Other concerns include: 

  • Minimal restrictions around the use of information shared between the Minister of Public Safety and nine other Canadian agencies involved in national security, including CSIS, the RCMP, the CRA and the CSE. The government can also add any other organization to the list of approved entities, including foreign security and intelligence agencies;
  • Overly-broad secrecy rules for any judicial review of a rejected application, denying applicants access to the information being used to deny their application.

The ICLMG is grateful to opposition critics who raised these concerns at committee, but disappointed that they were not corrected before the bill’s adoption. The coalition will continue its work to address these problems, and calls on the government to take action to address them through regulation. The ICLMG will also be closely monitoring the implementation of the regime in order to bring concerns to the mandated one-year review of Bill C-41.

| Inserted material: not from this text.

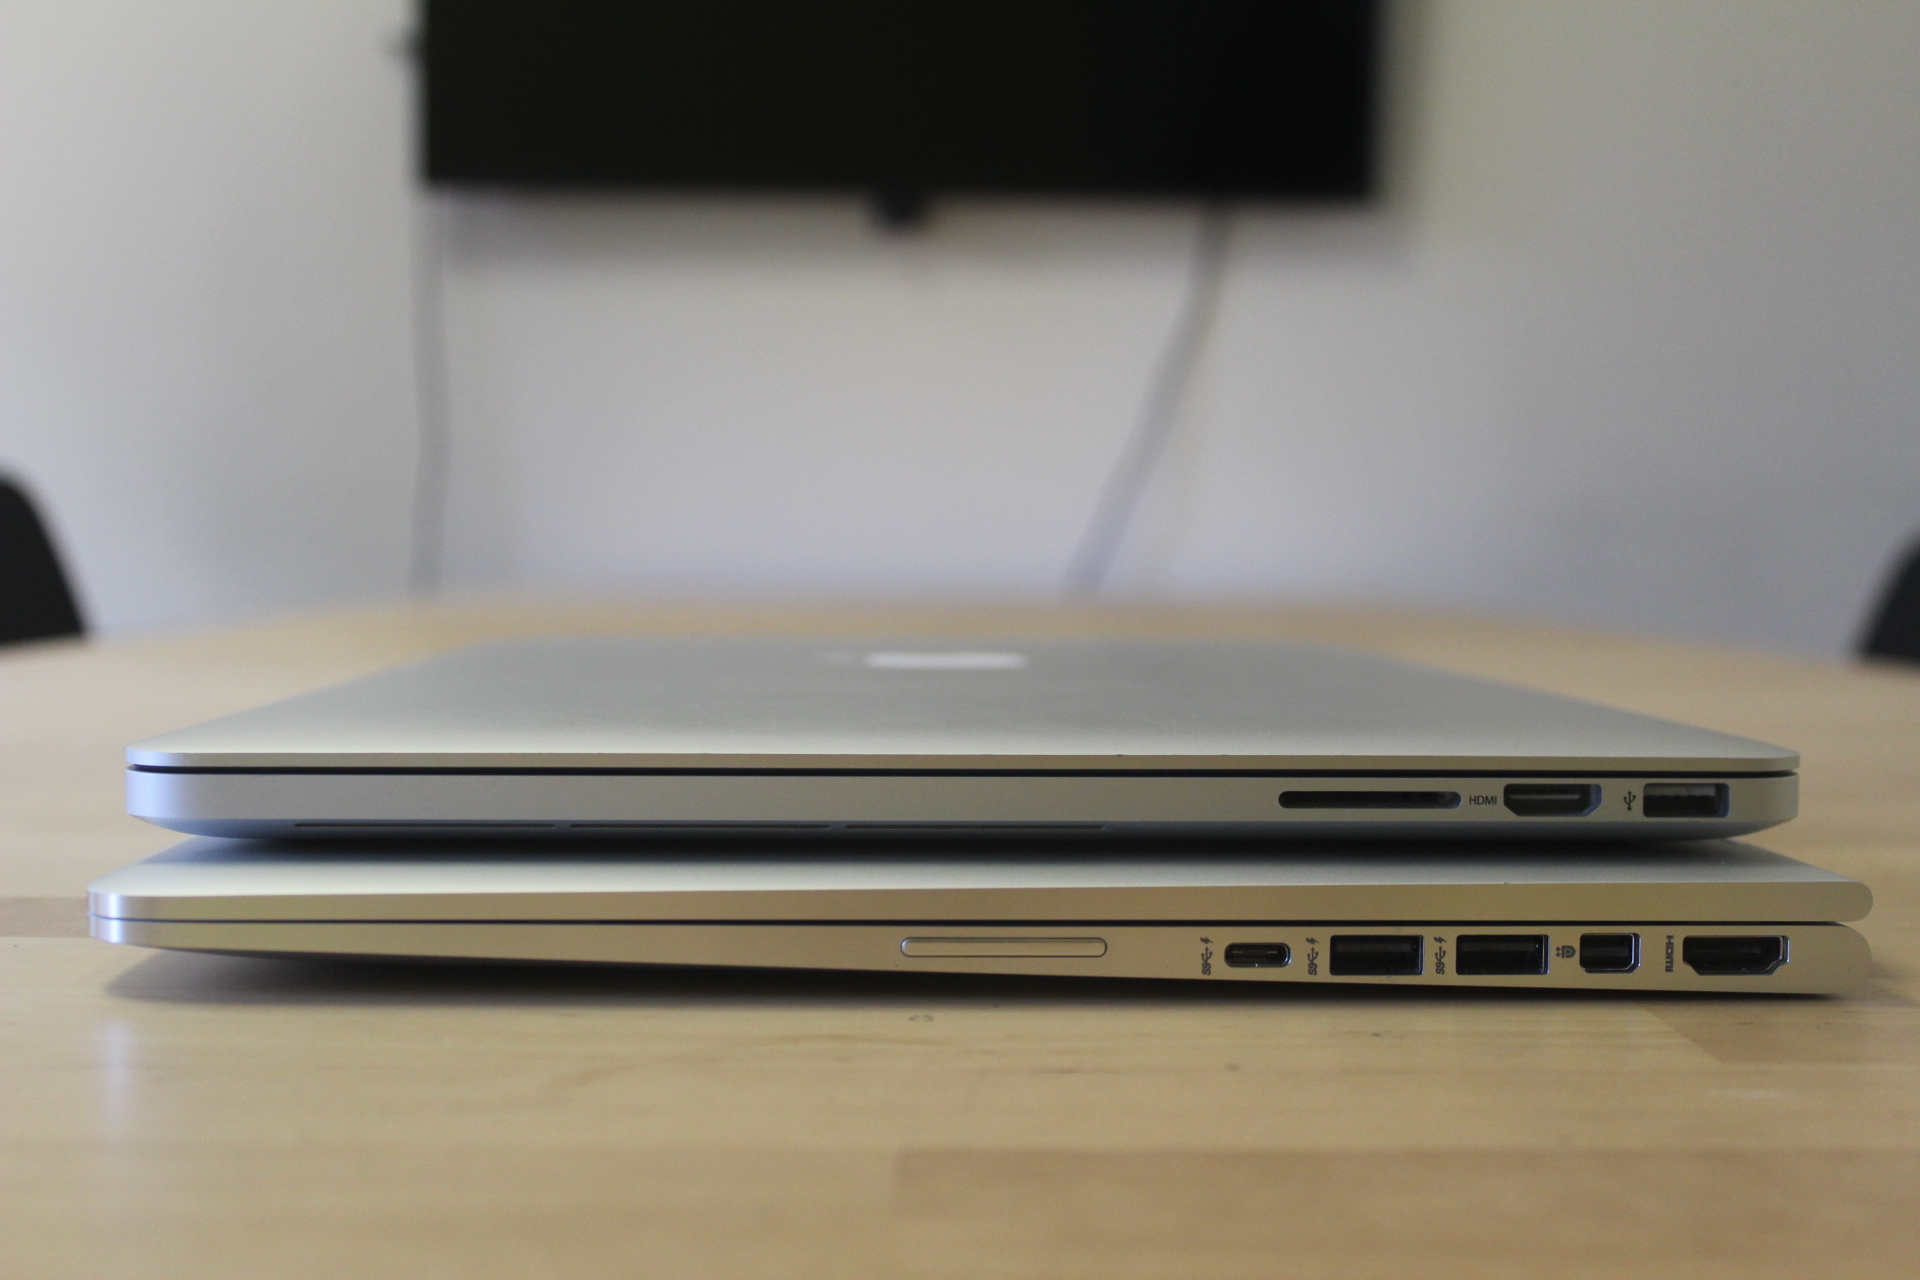 MacBook Pro on top, Spectre x360 on the bottom.

Finally, the ICLMG reiterates its concern that an exemption regime does not address the central problem at the heart of this issue: that Canada’s overly-broad counter-terrorism laws allowed for this situation to occur in the first place. The ICLMG, among others, has long raised concerns that the inherent vagueness and political nature of the word “terrorism” will continue to have unintended consequences, including on Canada’s international human rights and humanitarian obligations, evidenced by the current restrictions on the provision of aid. While an exemption regime may provide a route forward, it avoids how counter-terrorism laws create areas and entities that are considered ‘no-go,’ and continue to primarily and unjustly impact majority-Muslim countries and regions. We renew our call for the government to fundamentally revisit its approach on counter-terrorism laws and their enforcement.

The International Civil Liberties Monitoring Group, founded in 2002, is a non-partisan coalition of 44 Canadian civil society organizations from a broad range of sectors that works to defend civil liberties in the context of national security and the so-called “War on Terror.”